John Greig

Personal information
- Born: April 28, 1961 (age 64) Sacramento, California
- Nationality: American
- Listed height: 6 ft 7 in (2.01 m)
- Listed weight: 215 lb (98 kg)

Career information
- High school: Timberline (Lacey, Washington)
- College: Wenatchee Valley (1978–1979); Oregon (1979–1982);
- NBA draft: 1982: 3rd round, 65th overall pick
- Drafted by: Seattle SuperSonics
- Position: Small forward
- Number: 22

Career history
- 1982–1983: Seattle SuperSonics
- Stats at NBA.com
- Stats at Basketball Reference

= John Greig (basketball) =

American basketball player (born 1961)

John W. Greig (born April 28, 1961, in Sacramento, California) is a retired American basketball player, formerly in the National Basketball Association (NBA).

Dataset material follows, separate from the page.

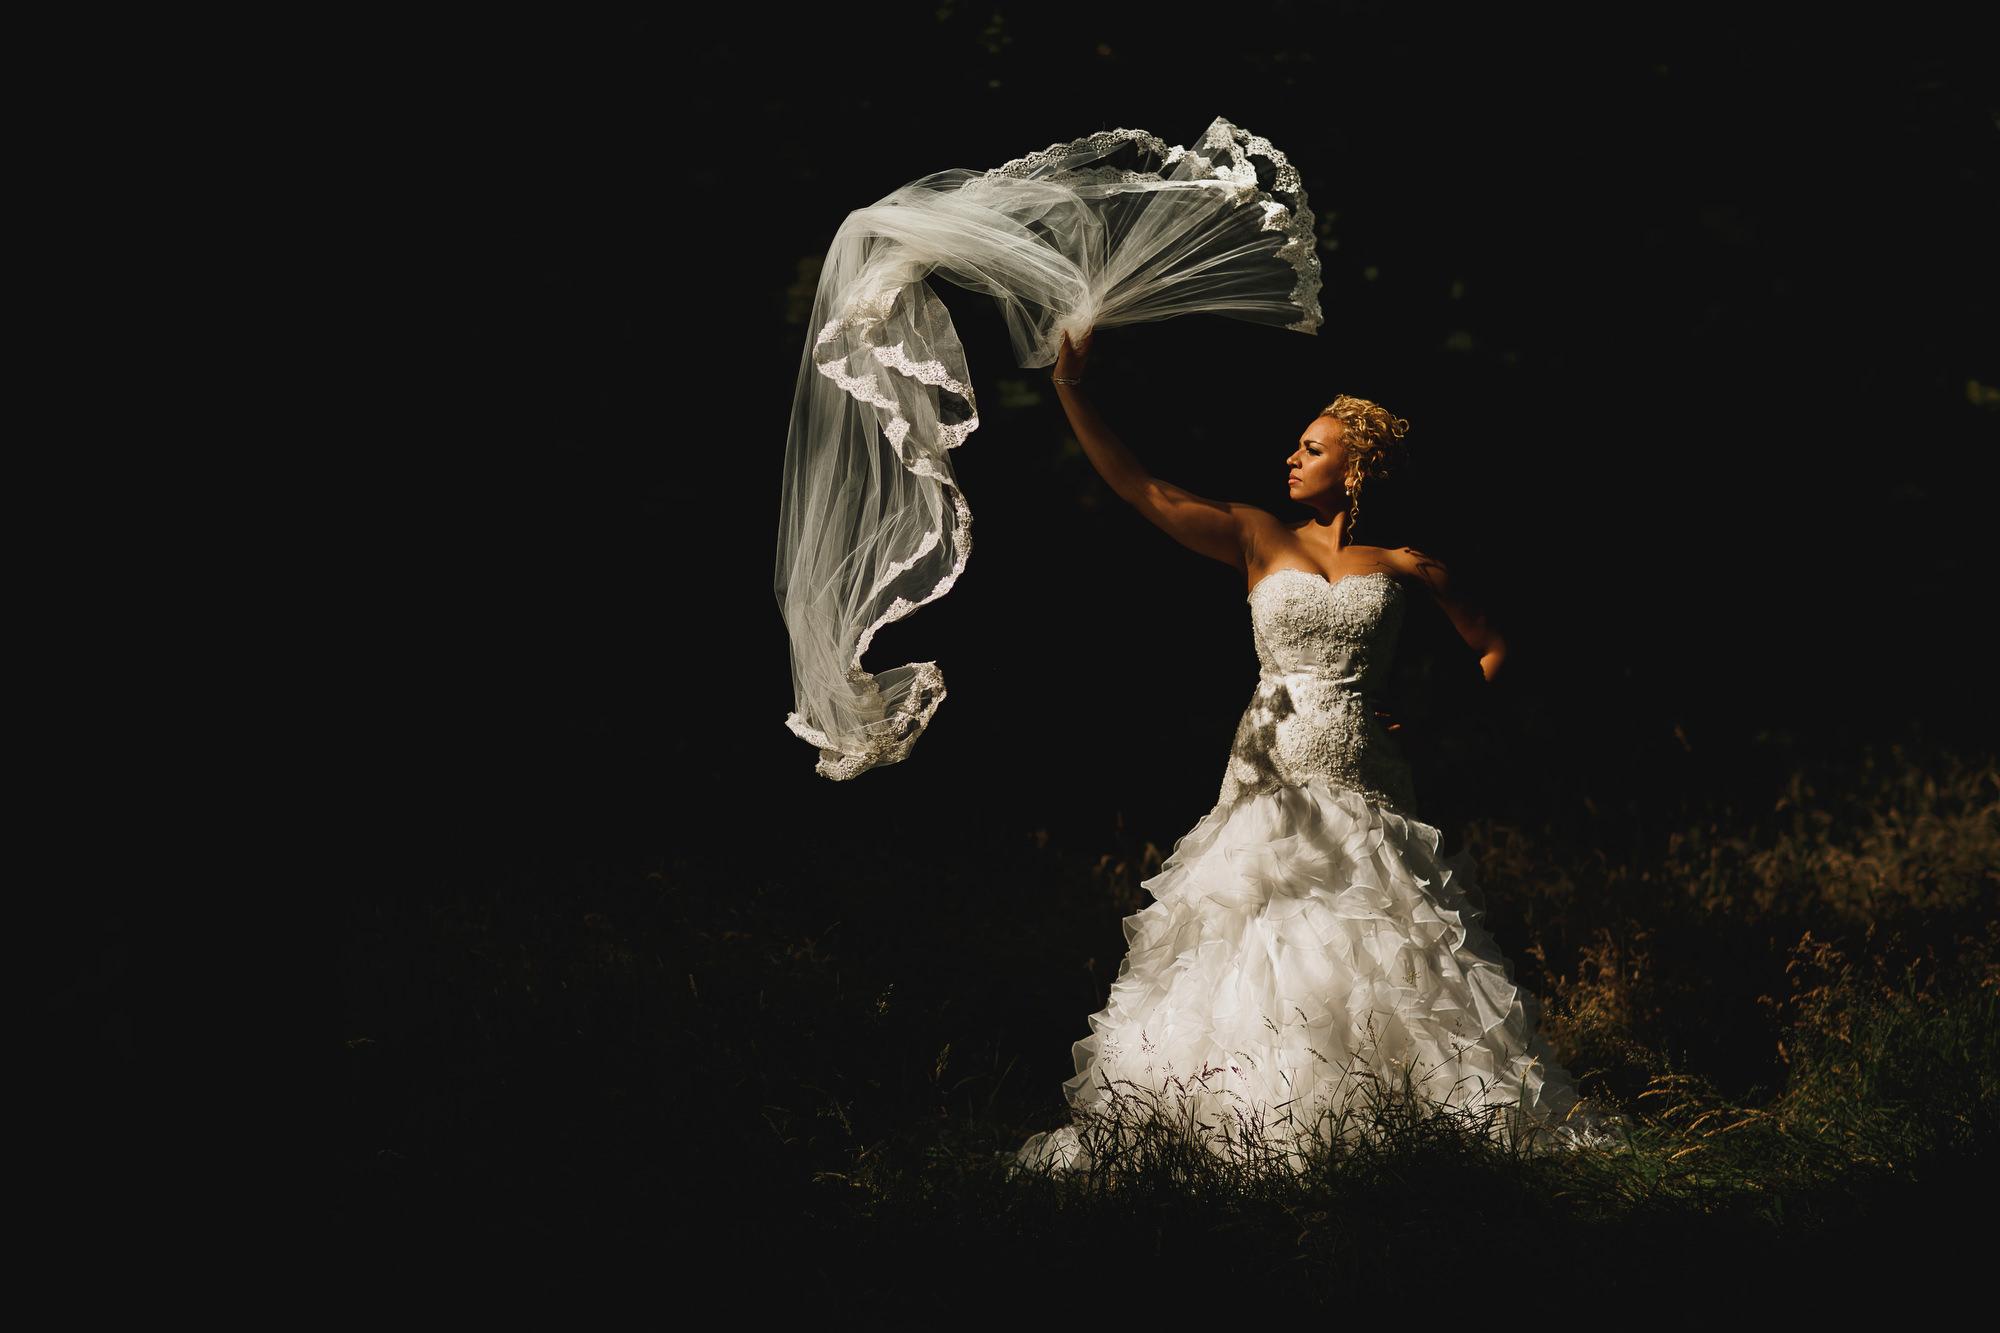 Matt Wing Photo - Award Winning Essex Wedding Photographer Award winning wedding photographers uk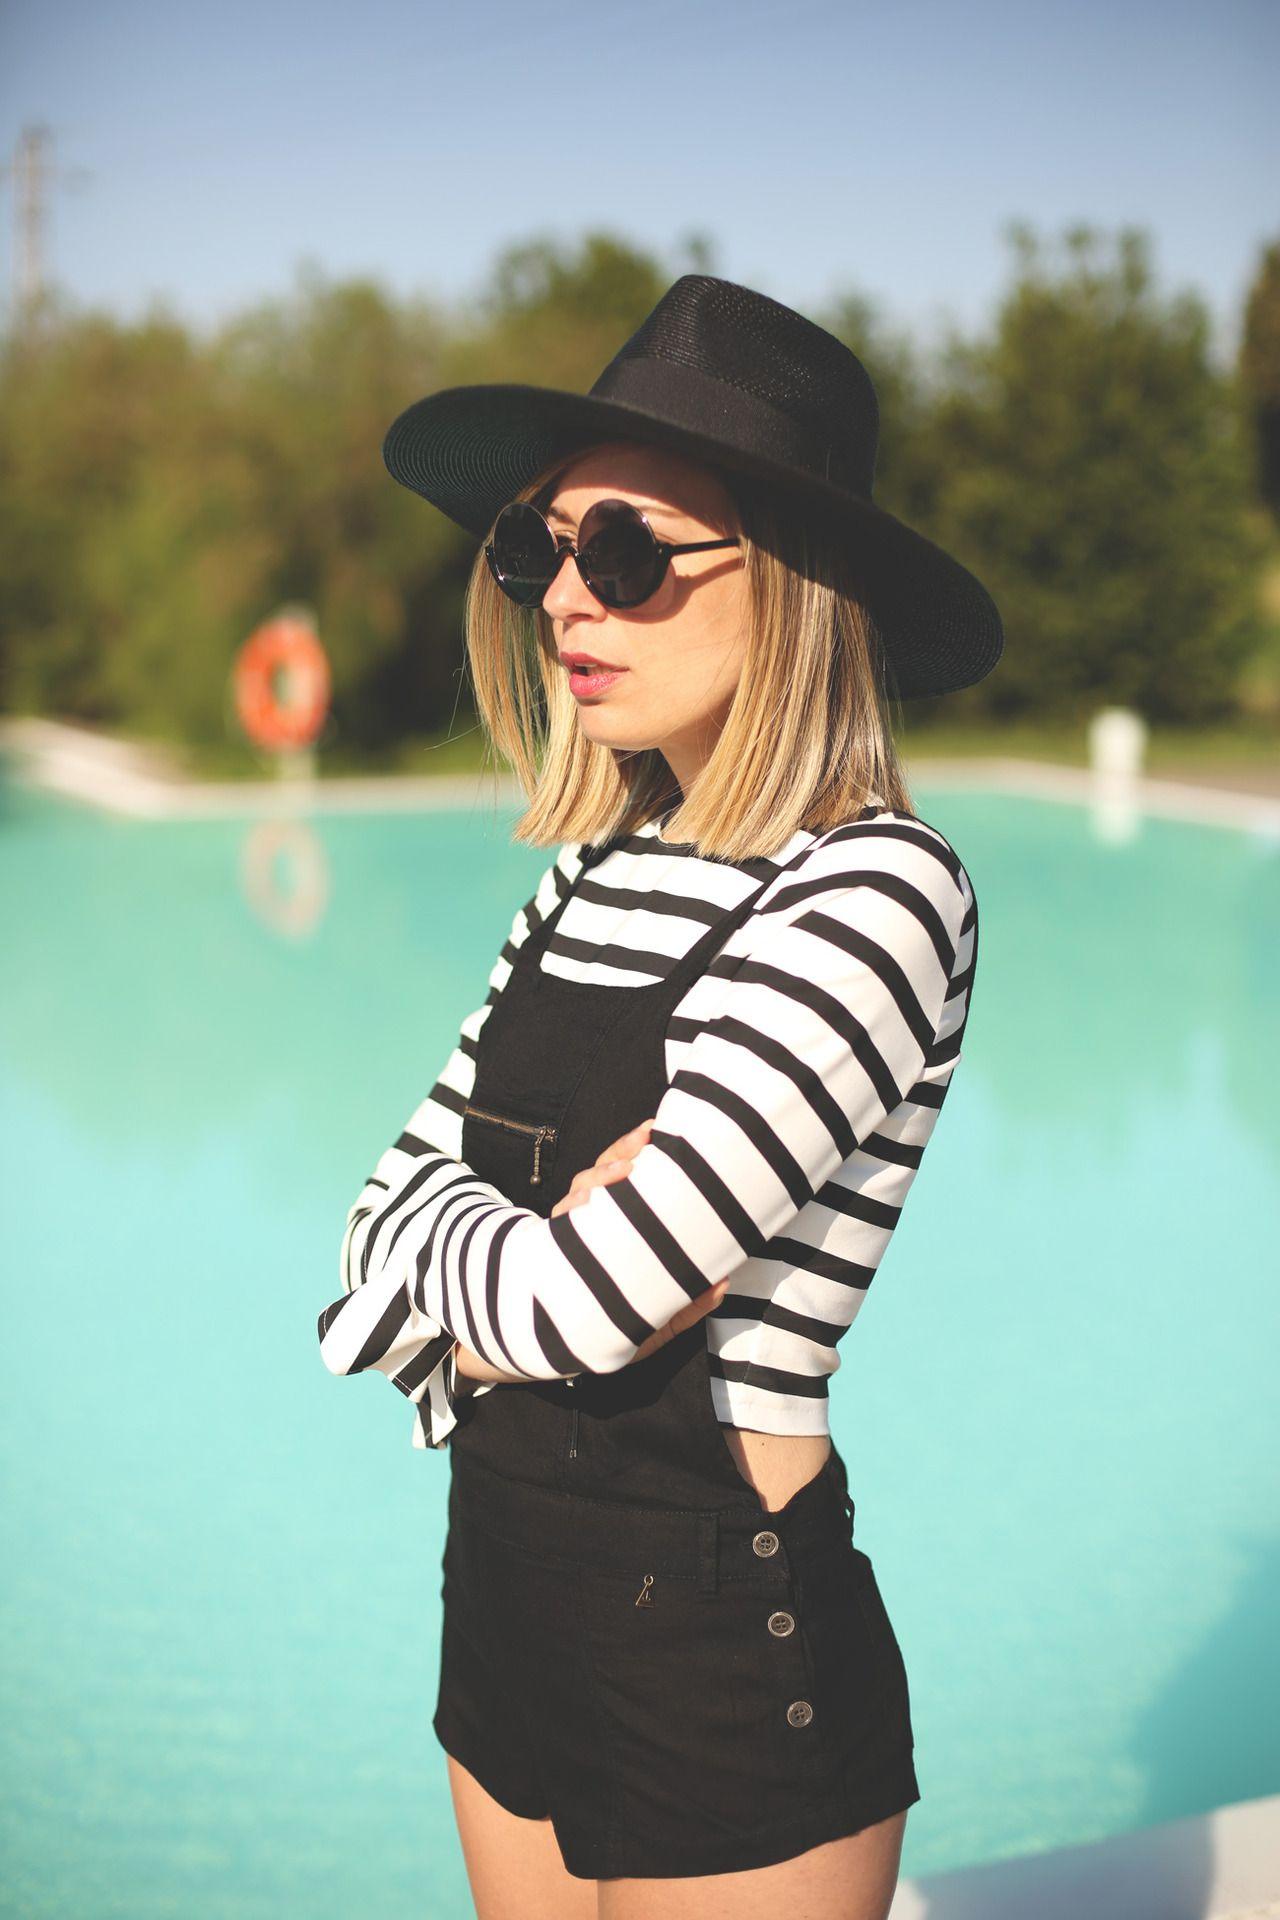 Resultado de imagen para dress and hat outfit tumblr

A 6 ft 7 in and 210 lb small forward, Greig played competitively at Timberline High School in Lacey, Washington and played college basketball at Wenatchee Valley Community College and at the University of Oregon.

Greig was selected in the third round of the 1982 NBA draft (65th overall) by the Seattle SuperSonics but played only nine games for them in the 1982–83 season, averaging 2.1 points and 0.7 rebounds per game. He also played professionally in Switzerland, France and Spain.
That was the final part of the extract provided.